In the speaker sex test, birds had higher proportions correct for trained tokens compared to the ambiguous, extreme, and within-category intermediate sounds, suggesting that their memorization was again mainly based on exemplar learning. Nevertheless, extreme and within-category intermediate sounds were better categorized than ambiguous sounds. Also individual data showed that some birds showed clear generalization in the speaker sex mapping, despite the limited number of training stimuli. To our best knowledge, generalization on a speaker sex dimension has not yet been demonstrated in animal research. This indicates the presence of some sort of rule-like learning process, although higher performance on extreme and within-category intermediate sounds compared to ambiguous sounds in a unidimensional mapping does not necessarily imply analytic processing (Wills et al. 2009). It is hard to assess whether high performance on within-category intermediate and extreme sounds is really due to rule learning or normal generalization.

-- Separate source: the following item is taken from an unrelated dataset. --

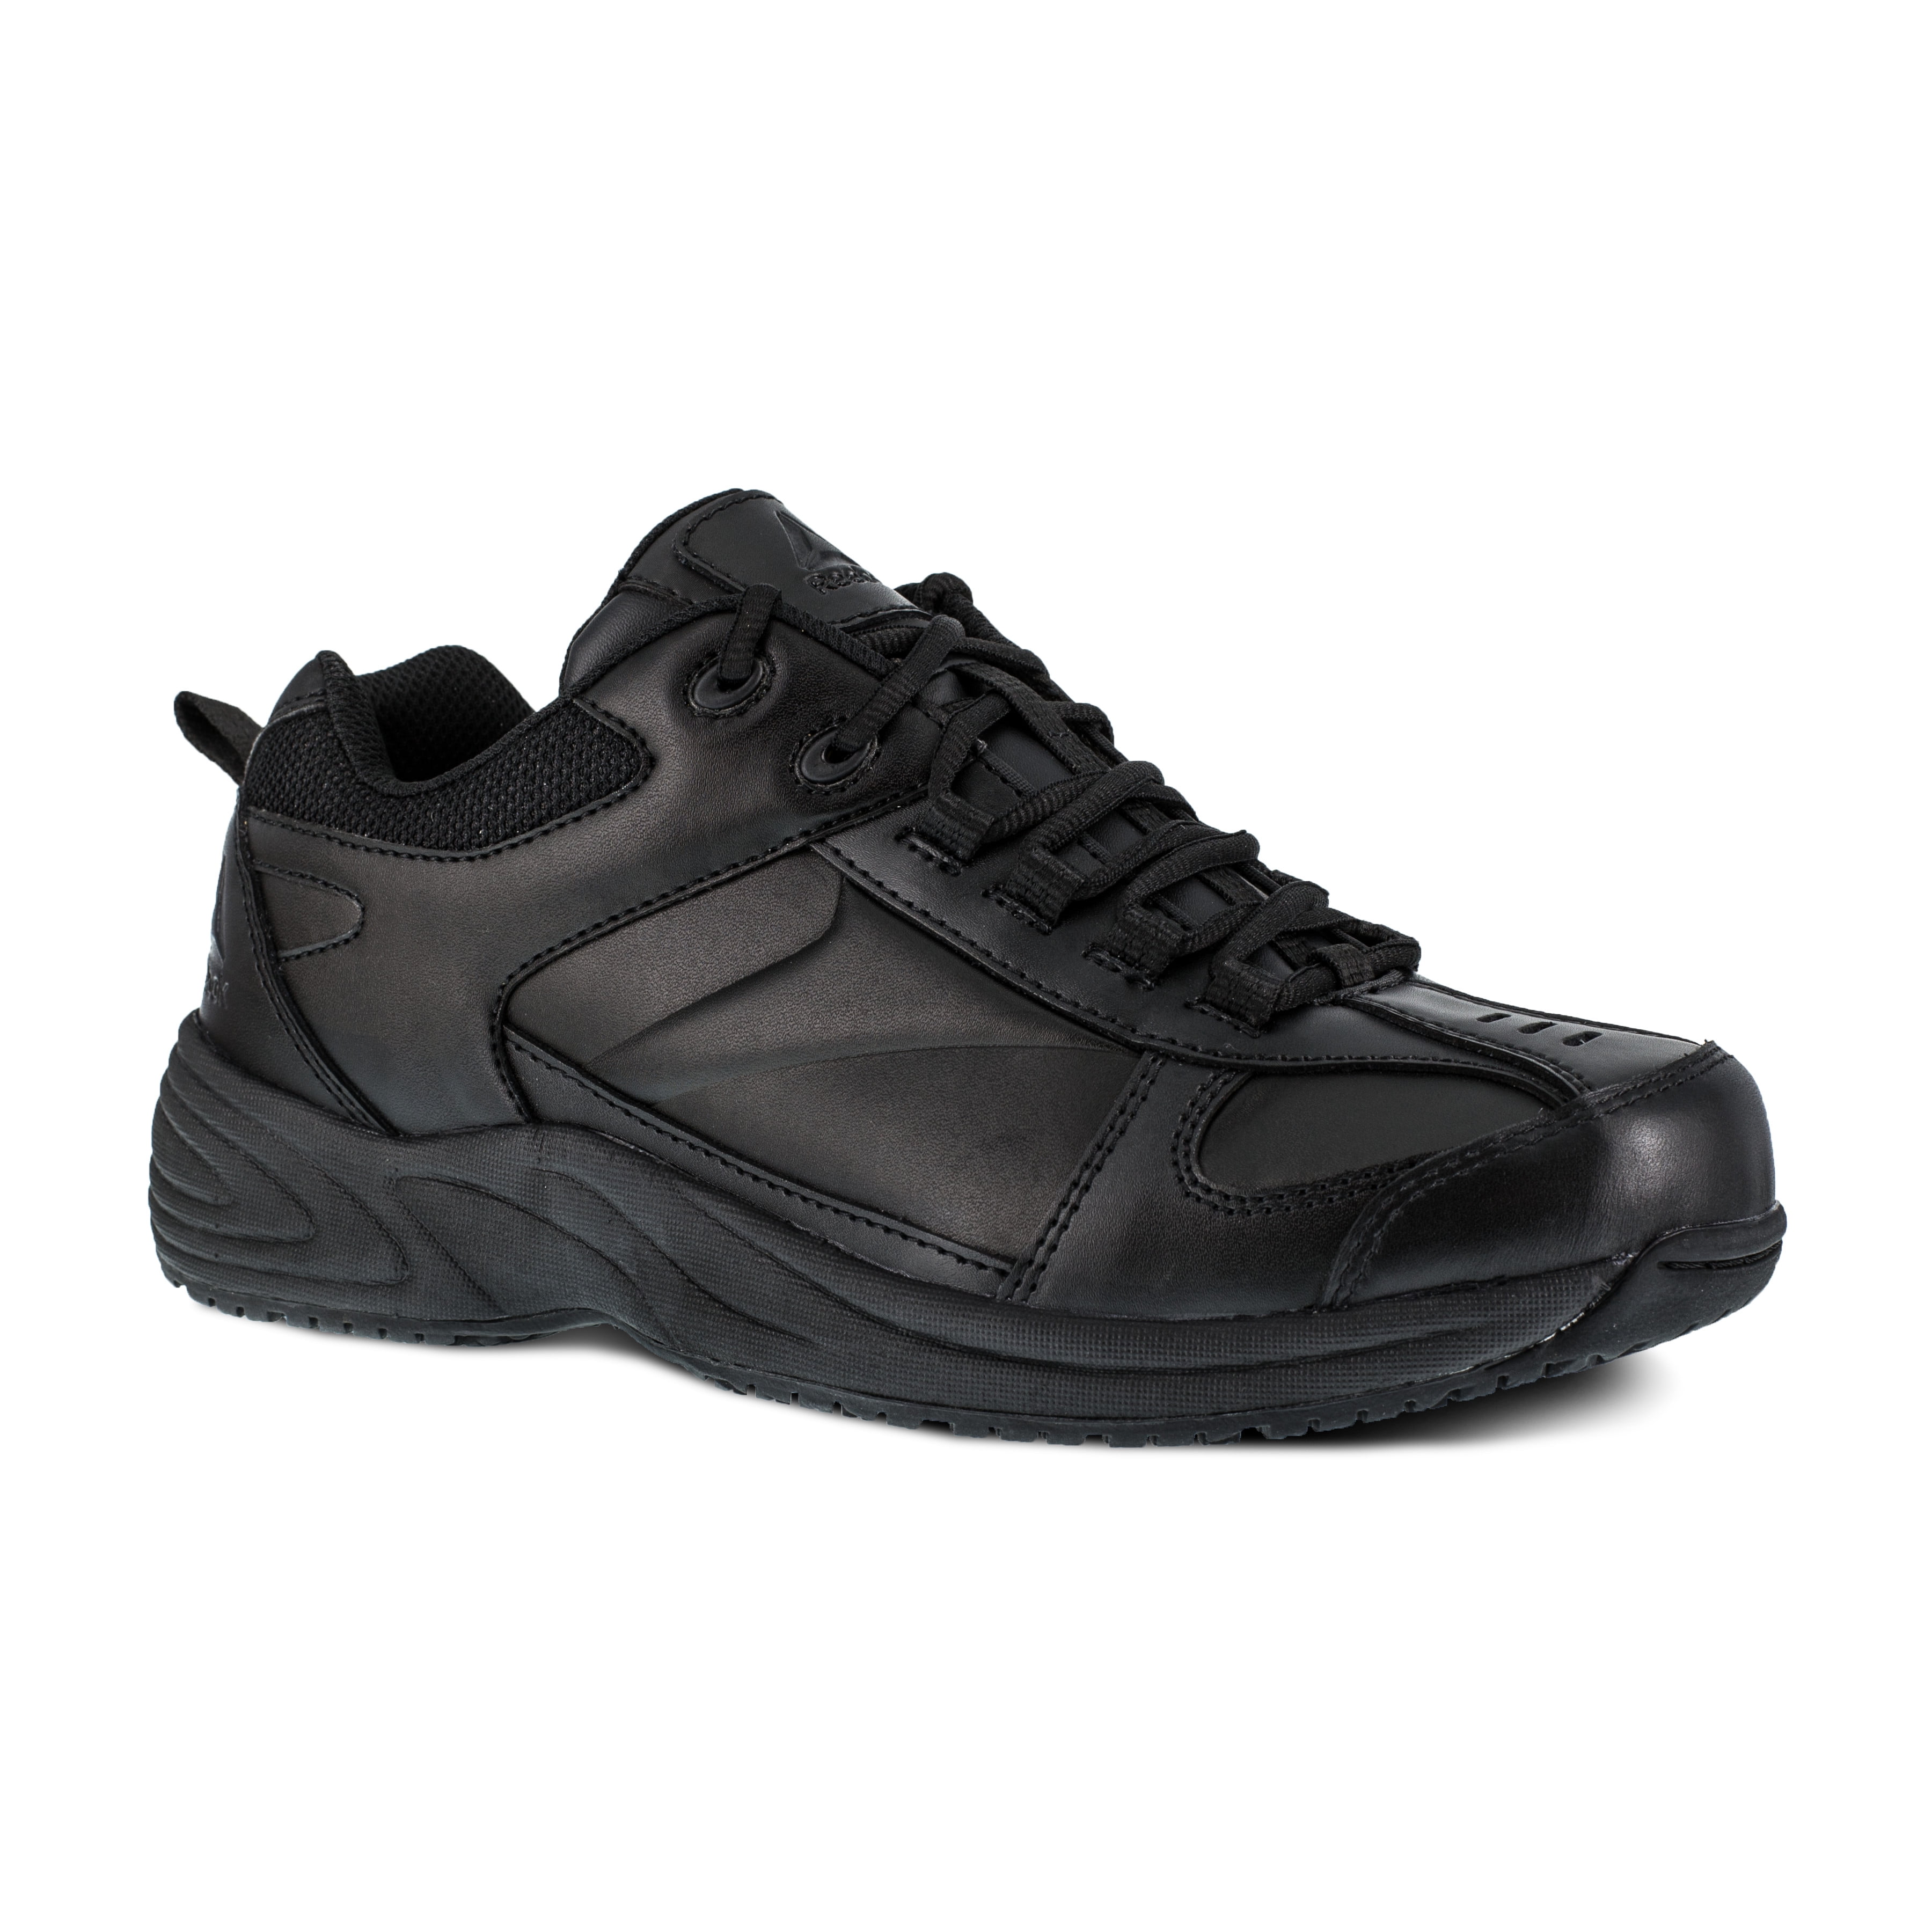 Reebok Work Men's Jorie RB1100 Athletic Safety Shoe, Black, Size 5.5 W  EUC

Our findings raise the question which acoustic cues (sound parameters) the birds used in learning the SR-mapping in the one-dimensional tests. The generalization across speakers of both sexes shown in the experiments by Ohms et al. (2010) was ascribed to the birds generalizing on the basis of the formant ratios only, as neither the absolute frequency of the formants nor that of the underlying pitch of the voices (F0) could be used to that end. The bird that generalized in the vowel mapping in this experiment might also have used this feature. In contrast, the generalization in the speaker sex test cannot be based on formant ratios, as the training stimuli for both male and female voices contained the same vowels (/e/ and /I/). In this case, the birds might, similar to what is known from humans, have used the pitch as the most salient factor distinguishing male from female voices. This would imply that zebra finches attend to both and have the flexibility to use either absolute or relative frequency features and to single out one dimension for making generalizations. However, due to our holistic morphing of natural speech sounds, the question which parameters birds used in their discrimination between the sounds remains open.

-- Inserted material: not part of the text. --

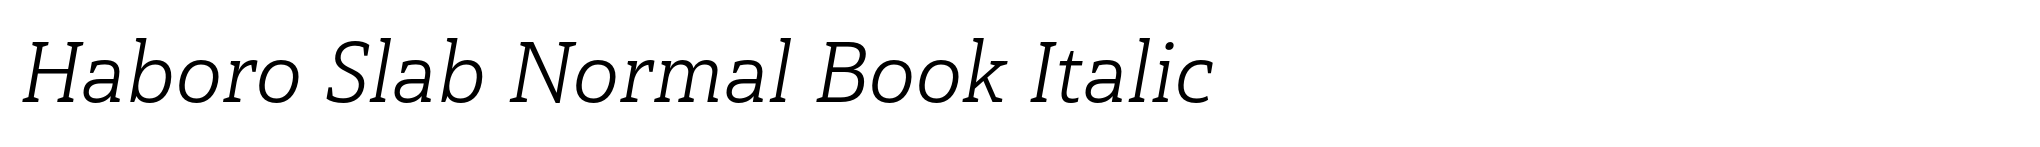 Haboro Slab Normal Book Italic image

In the two-dimensional mappings, the birds showed strong memorization of the trained sounds. The generalization for extreme sounds in the diagonal mapping, displayed by four out of nine individuals, suggests that these zebra finches displayed some implicit categorization possibly by integrating information of both dimensions. These results suggest that there is not a single mechanism used by all birds. Individual data of the XOR mapping showed that all birds performed high on trained sounds, pointing toward strong memorization, but they performed just above chance level for the new test-sounds. For this SR-mapping, the birds thus seemed to rely strongly on exemplar-based memorization.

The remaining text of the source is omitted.